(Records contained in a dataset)
● ● ● ●

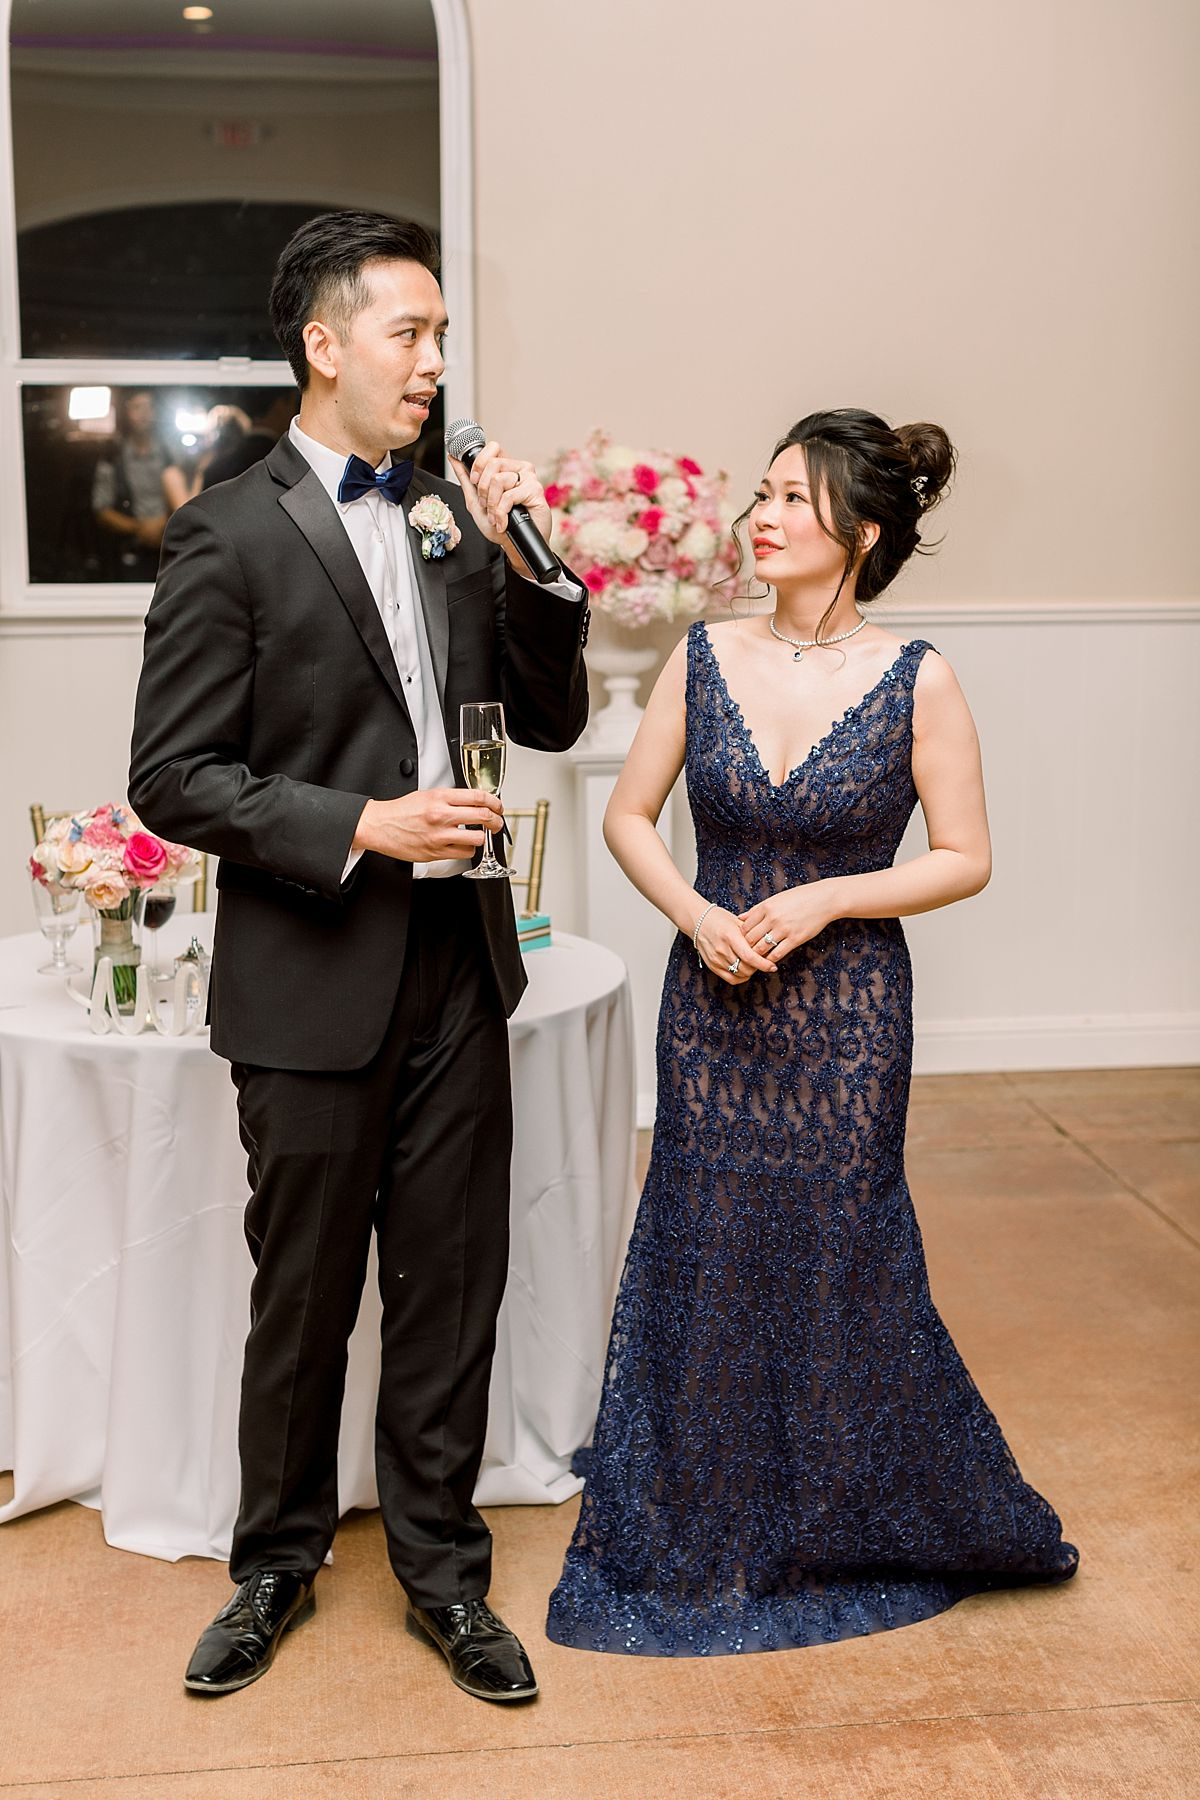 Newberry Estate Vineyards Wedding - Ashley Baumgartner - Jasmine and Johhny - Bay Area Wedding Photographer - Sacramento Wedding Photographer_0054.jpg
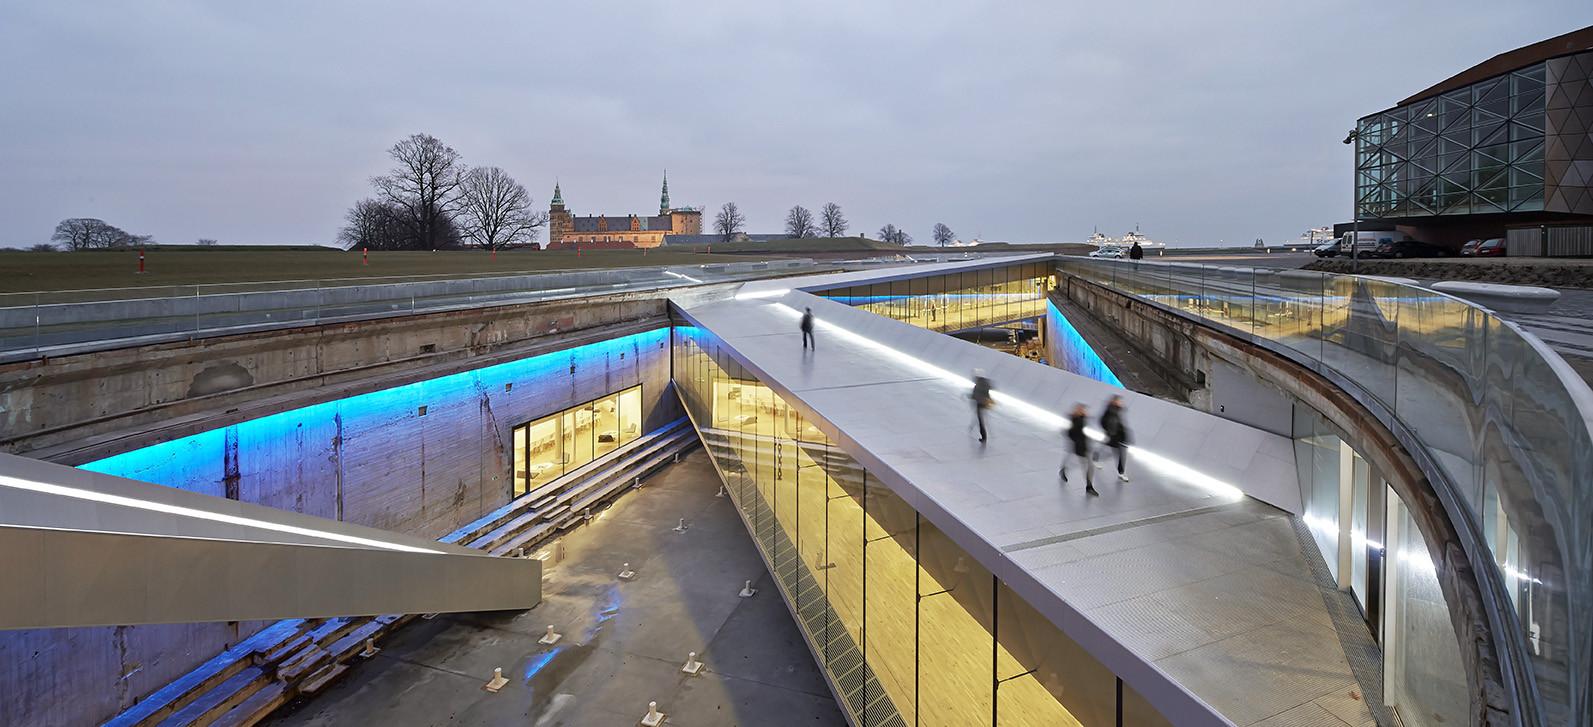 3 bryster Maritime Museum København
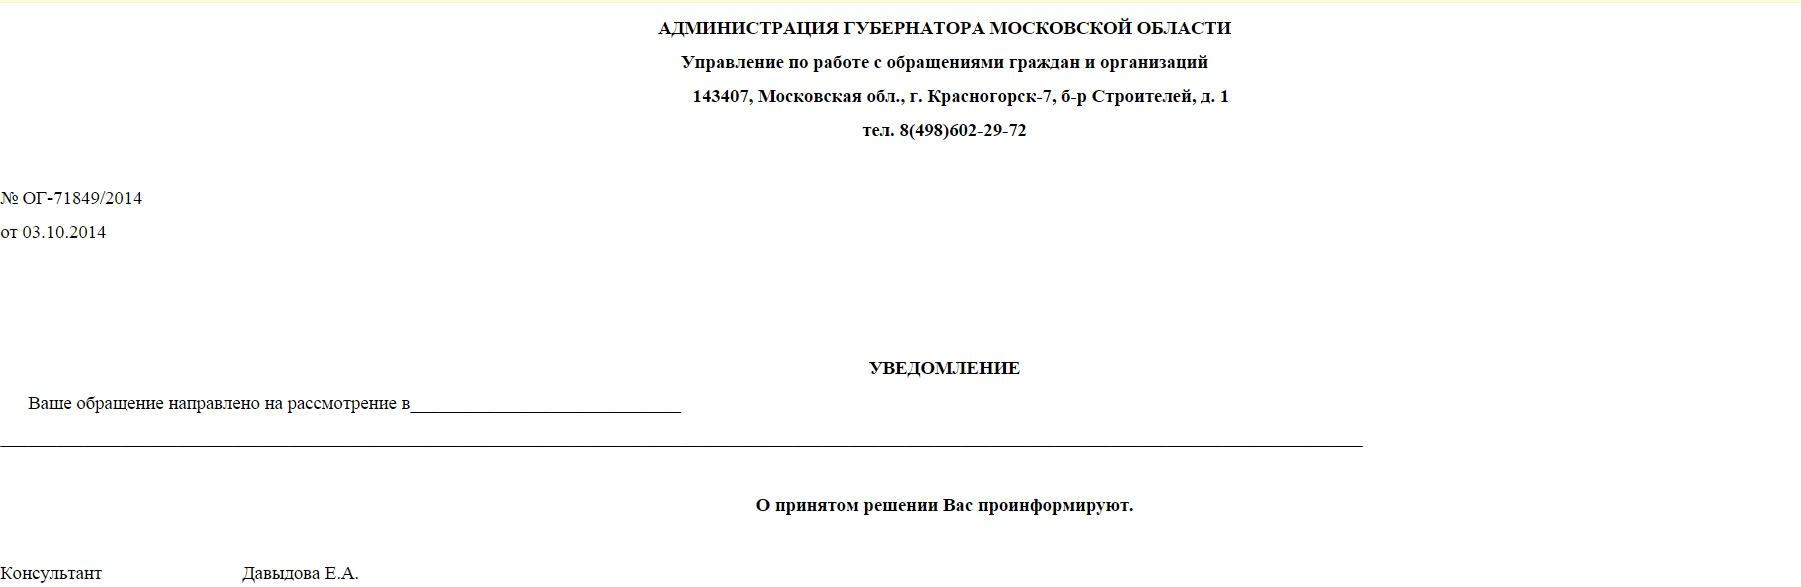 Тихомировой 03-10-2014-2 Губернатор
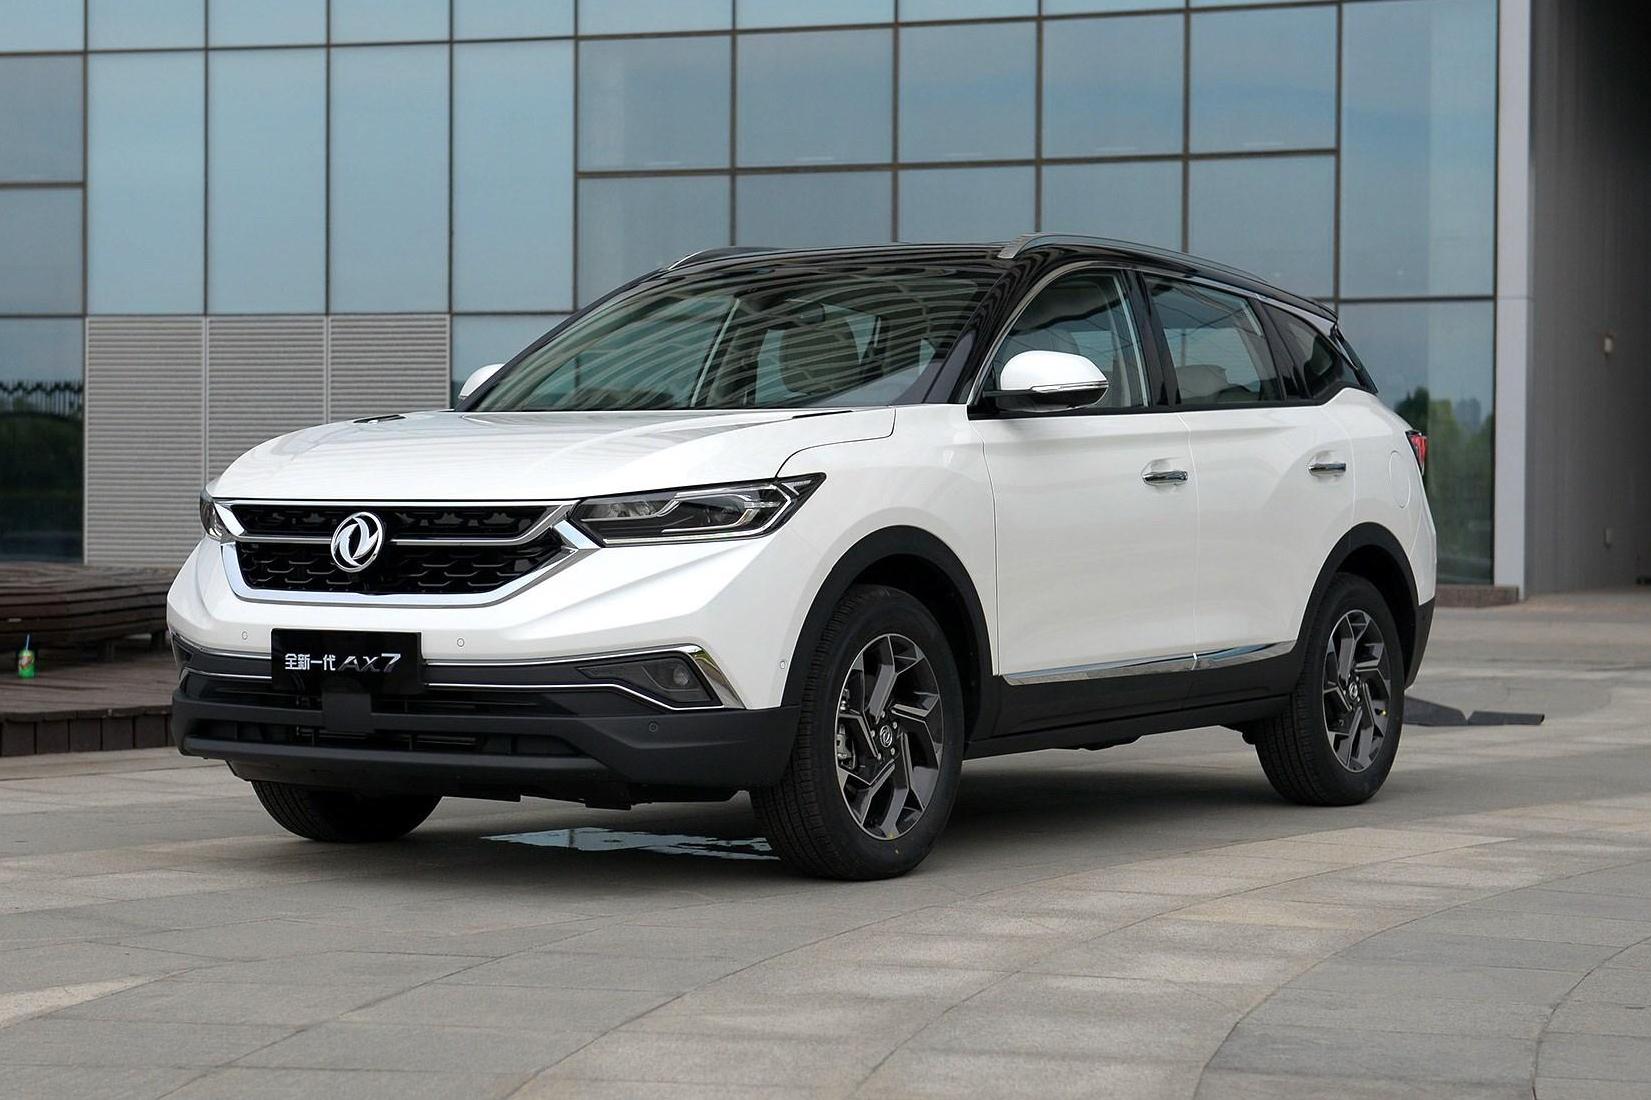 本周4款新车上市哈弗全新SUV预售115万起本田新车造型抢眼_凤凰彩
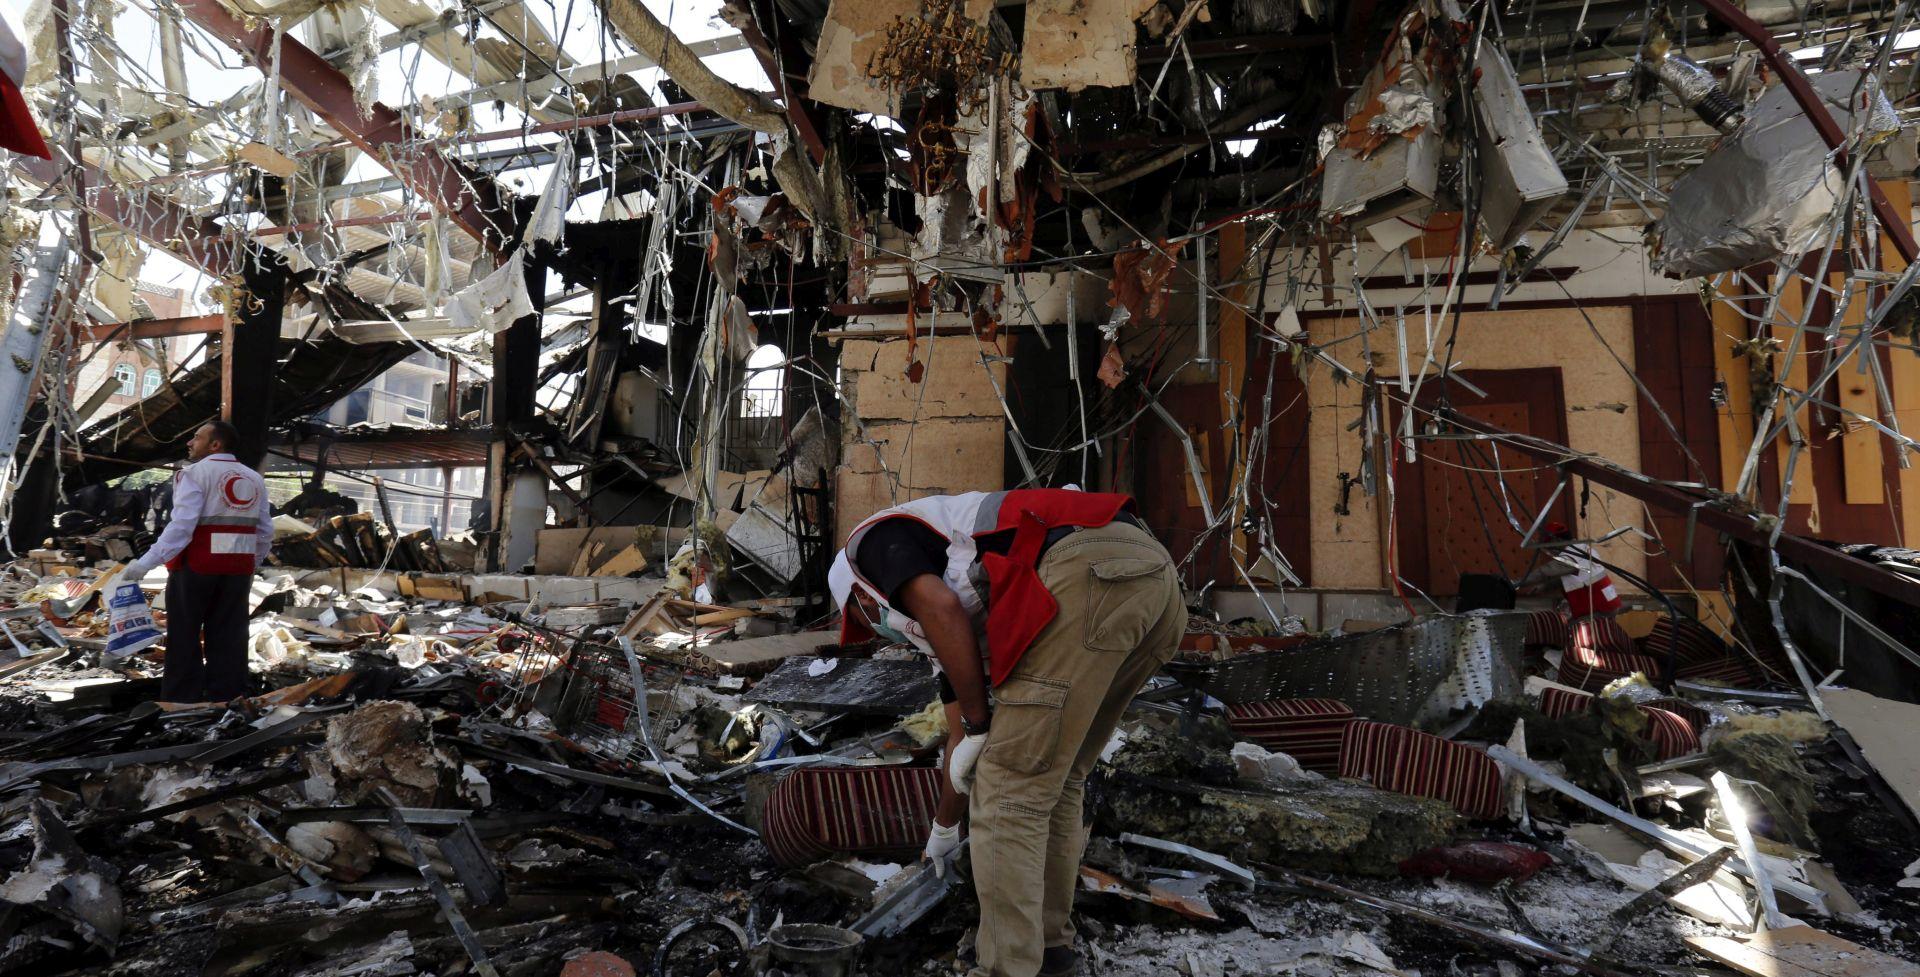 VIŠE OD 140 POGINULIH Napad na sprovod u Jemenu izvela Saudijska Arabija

● ● ● ●

__TASK REQUIREMENTS__: Produce a verbatim copy of all records, minus pictures.

__EXERCISE OUTPUT__:
 Newberry Estate Vineyards Wedding - Ashley Baumgartner - Jasmine and Johhny - Bay Area Wedding Photographer - Sacramento Wedding Photographer_0054.jpg
 3 bryster Maritime Museum København
 Тихомировой 03-10-2014-2 Губернатор
 本周4款新车上市哈弗全新SUV预售115万起本田新车造型抢眼_凤凰彩
 VIŠE OD 140 POGINULIH Napad na sprovod u Jemenu izvela Saudijska Arabija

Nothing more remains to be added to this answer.